Between the weather and my traveling, I have not been able to get out on the ocean or bay for several weeks. I had hoped to make a trip last week, but the late arrival of a tropical depression put a stop to those plans. Oh well, there is always next week.

Those who made it out to the various reef sites, from No. 4 in the upper bay to the Del-Jerseyland over 20 miles out in the ocean, managed to catch fish. In the bay, the reef sites produced flounder, blues, croaker and kings. Some of the flounder were good-sized, while most of the croaker, blues and kings were small.  Jigging with a bucktail tipped with Gulp! produced the flounder, while bottom fishing with bloodworms, cut mullet and squid brought in most of the smaller fish.

Beach fishing at Bowers and Broadkill produced blues, croaker and kings. Bloodworms or cut mullet were the best baits.

The pier at Cape Henlopen State Park saw some keeper flounder caught on live minnows or bucktails. The flounder are usually found close to the pier pilings. Spot and croaker were also caught from the pier on bloodworms. The problem here, as it is elsewhere, is the fish will be in good supply during one tide then gone the next. There is no consistency to their behavior.

There were reports of flounder at the Cross Ledge and Miah Maull Shoal. Squid and minnows on a Delaware Bay Green Machine seemed to produce well in these open-bottom situations.

I am still seeing photos of the occasional flounder taken from the Lewes-Rehoboth Canal and the Broadkill River. Croaker and spot are also here and will jump all over a bloodworm. Farther up the Broadkill River, white perch are available and they will also take a bloodworm.

The best fishing for flounder has been in the ocean, as it has been all summer. Here too there is no consistency to the bite, as it can be great one day, very slow the next.  

Some of this is due to the wind and current that dictate the way the boat drifts. Good drifting conditions produce good fishing, while bad conditions make it difficult to present the bait properly. There are certain weather-related elements that can give you some idea of how the drift will be on any given tide.

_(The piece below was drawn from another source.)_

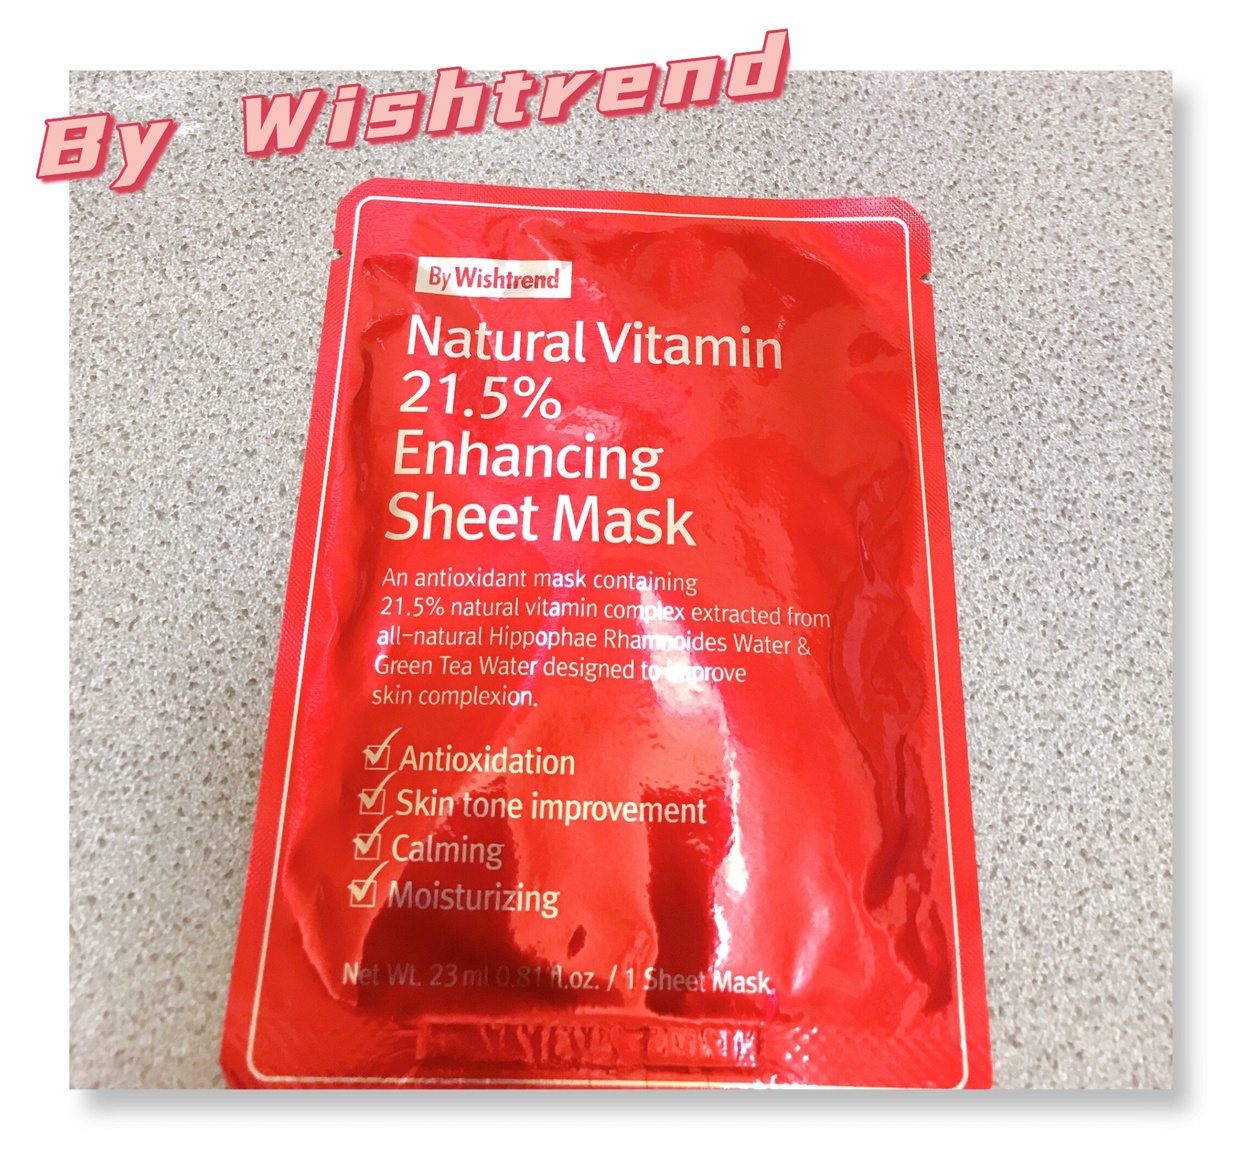 By Wishtrend(バイウィッシュトレンド) ナチュラルビタミン21.5インハンシーングシートマスクの良い点・メリットに関するMarukoさんの口コミ画像1

First, you must understand that the current in the ocean flows north on incoming water and south on the outgoing. The strength of the current is created by the moon. Full and new moons produce the strongest currents. If you have a wind out of the south during a full moon, the drift speed is going to be pretty fast. A north wind during an outgoing current when the moon is at quadrature can produce ideal drifting conditions. Any time the wind and the current oppose each other, the drift will be difficult. I find a 1- to 1.5-knot drift is just about right for flounder.  

Another thing that can affect your success when flounder fishing in the ocean is the tackle you use. You will have a very difficult time catching flounder out of 80 to 100 feet of water using light tackle. You need equipment that can handle up to 8 ounces of weight and pull up fish that may weigh five or six pounds or more from those depths. I have a Tsunami Magnum TSMGCC761XH rod matched to a MAXEL HYBRID20 reel spooled with Sufix 30-pound braid. The rod handles up to 8 ounces of lead without a problem.

When the drift is too fast, you will have to allow line to feed out from the reel in order to maintain contact with the bottom. Sooner or later the water pressure against the line will be so great that the sinker can no longer find the bottom.  At that point, reel in the rig and begin the procedure again.

Farther offshore, the marlin bite at the canyons has been great. The weather has scrubbed a few days from the fishing calendar, but when the boats can make the run the action is pretty spectacular. Dolphin, tuna and wahoo are also in the mix, and the bottom fishing in the deep has produced good numbers of tilefish.

Trolling at the inshore lumps such as Massey’s Canyon and the Hot Dog has been decent for dolphin, wahoo and the occasional tuna.  There are lots of false albacore in the same locations, so the action is pretty consistent.

With a little luck, the weather next week should be more reasonable. Unfortunately, sea bass season will be closed until late October, so the only bottomfish available for the box will be flounder. I just hope I can get out and catch a few of those.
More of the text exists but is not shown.